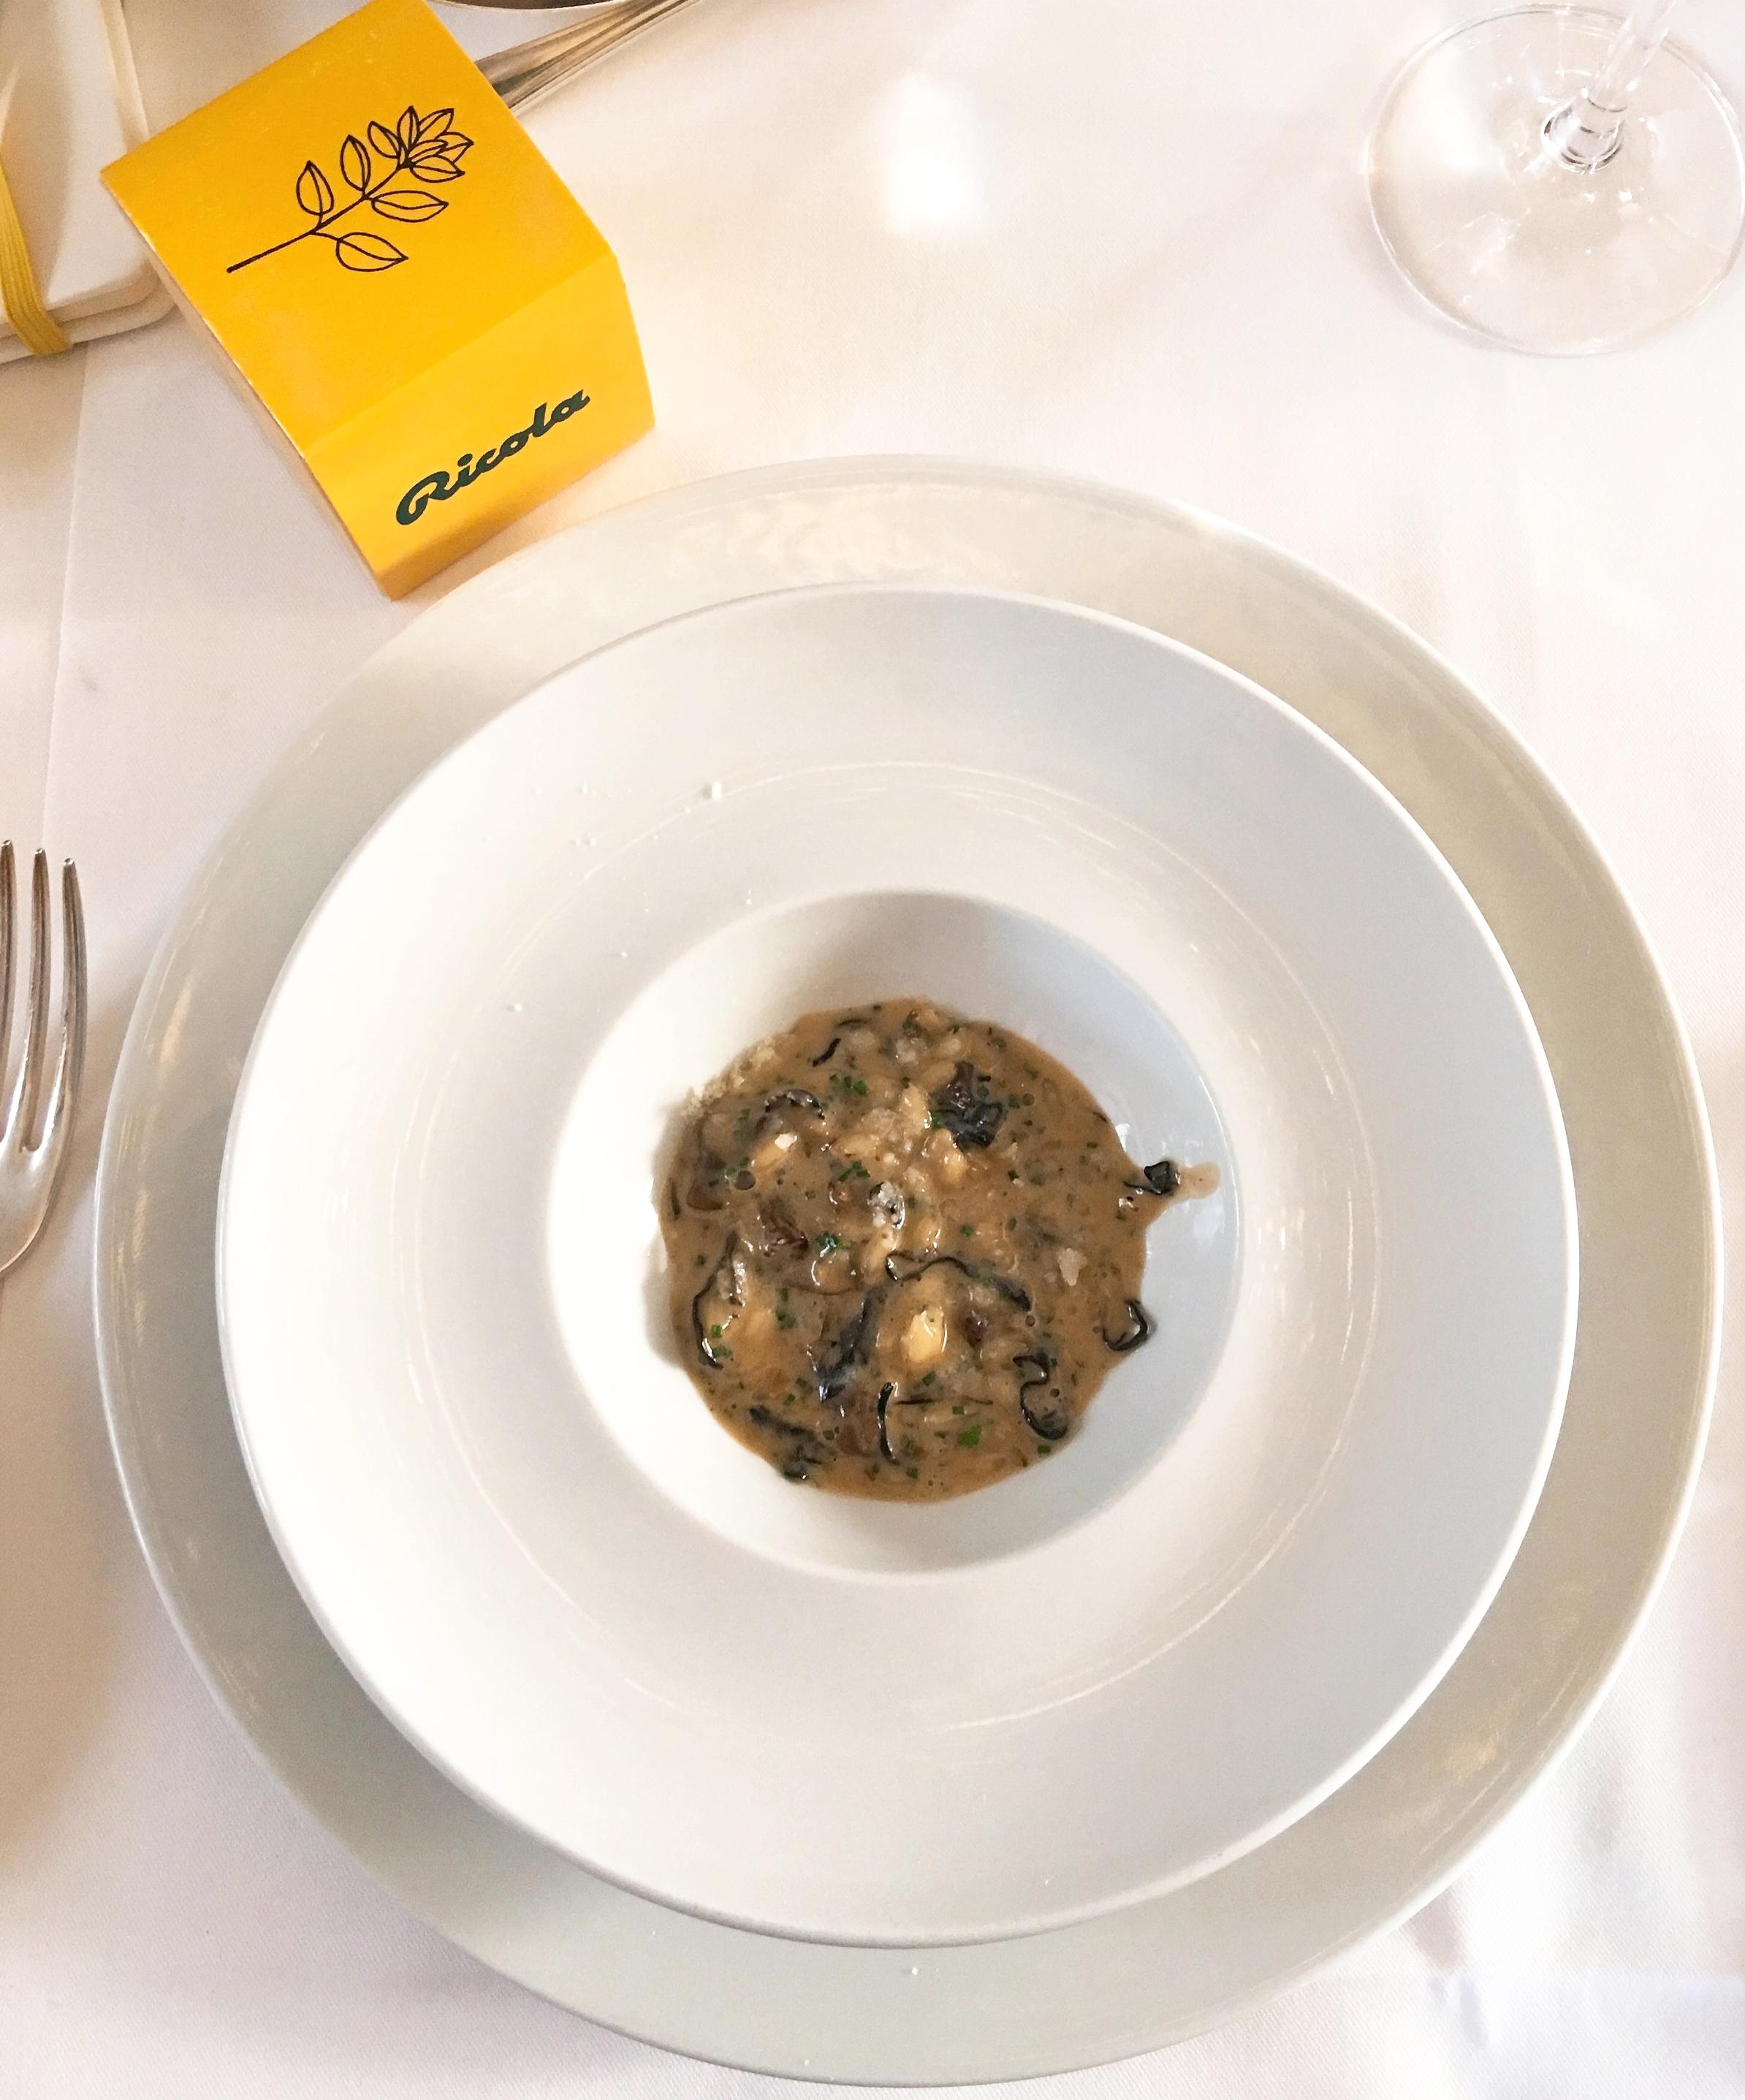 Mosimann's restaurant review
..........
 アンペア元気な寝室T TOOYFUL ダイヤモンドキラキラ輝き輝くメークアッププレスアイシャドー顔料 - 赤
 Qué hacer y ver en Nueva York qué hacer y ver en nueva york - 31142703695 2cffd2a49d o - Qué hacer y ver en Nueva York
..........
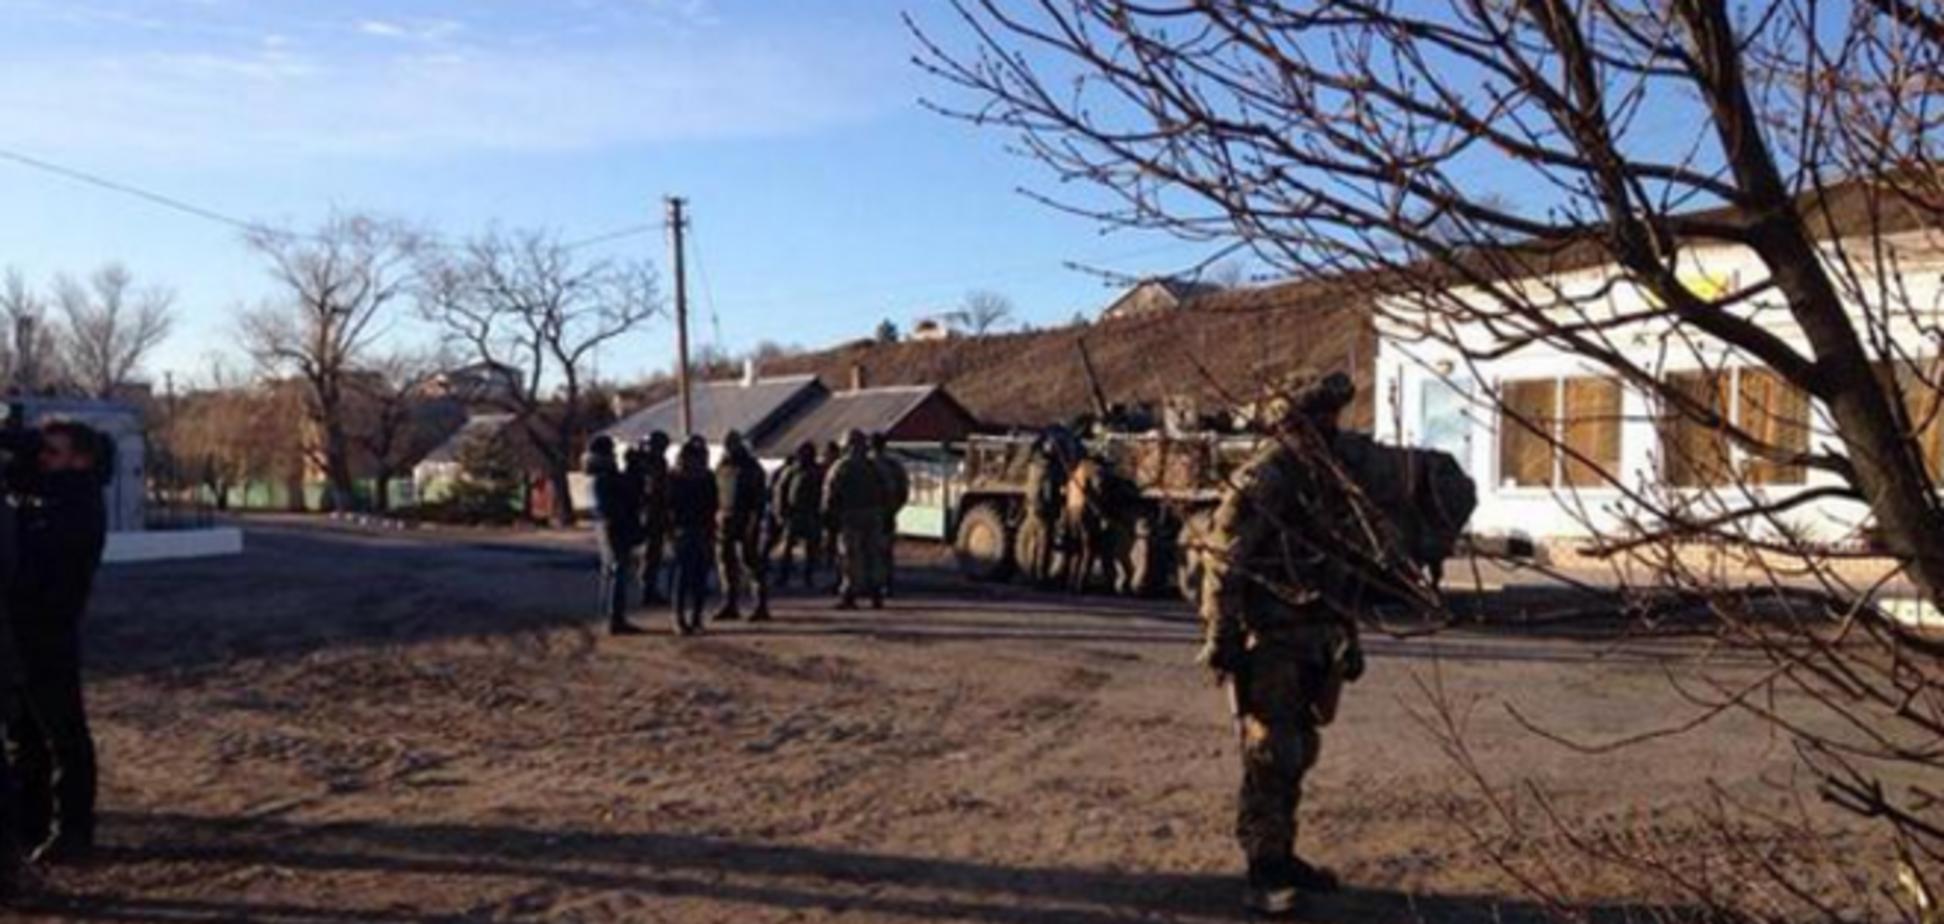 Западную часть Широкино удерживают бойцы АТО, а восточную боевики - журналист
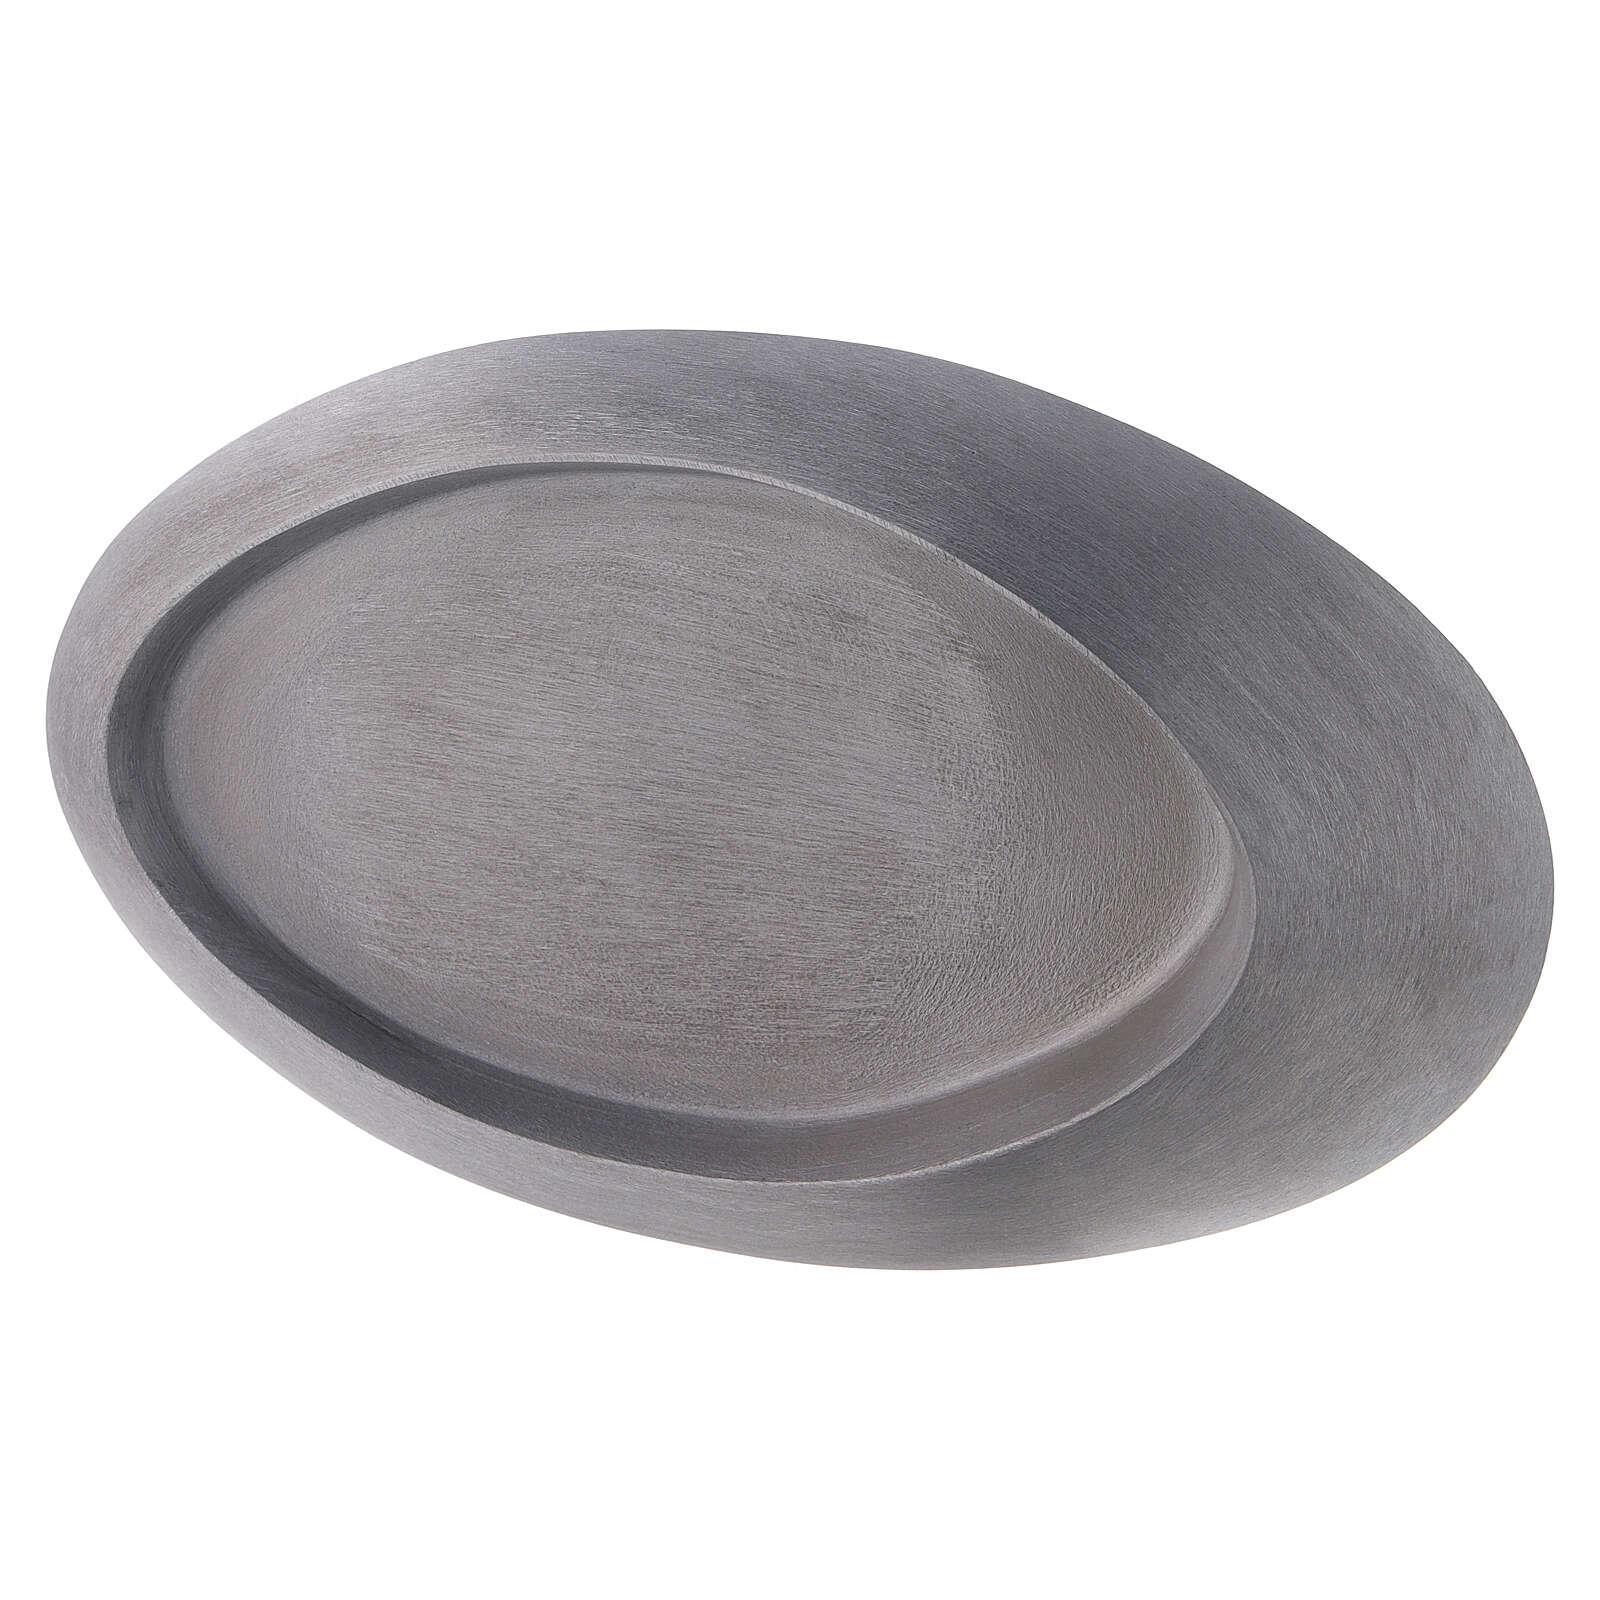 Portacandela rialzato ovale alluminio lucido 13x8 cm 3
..........
Copy only this part of the entries above: the line with "アンペア元気な寝室T TOOYFUL ダイヤモンドキラキラ輝き輝くメークアッププレスアイシャドー顔料", the line with "Qué hacer y ver en Nueva York qué", and the lines between, all exactly as written.

OUTPUT.
 アンペア元気な寝室T TOOYFUL ダイヤモンドキラキラ輝き輝くメークアッププレスアイシャドー顔料 - 赤
 Qué hacer y ver en Nueva York qué hacer y ver en nueva york - 31142703695 2cffd2a49d o - Qué hacer y ver en Nueva York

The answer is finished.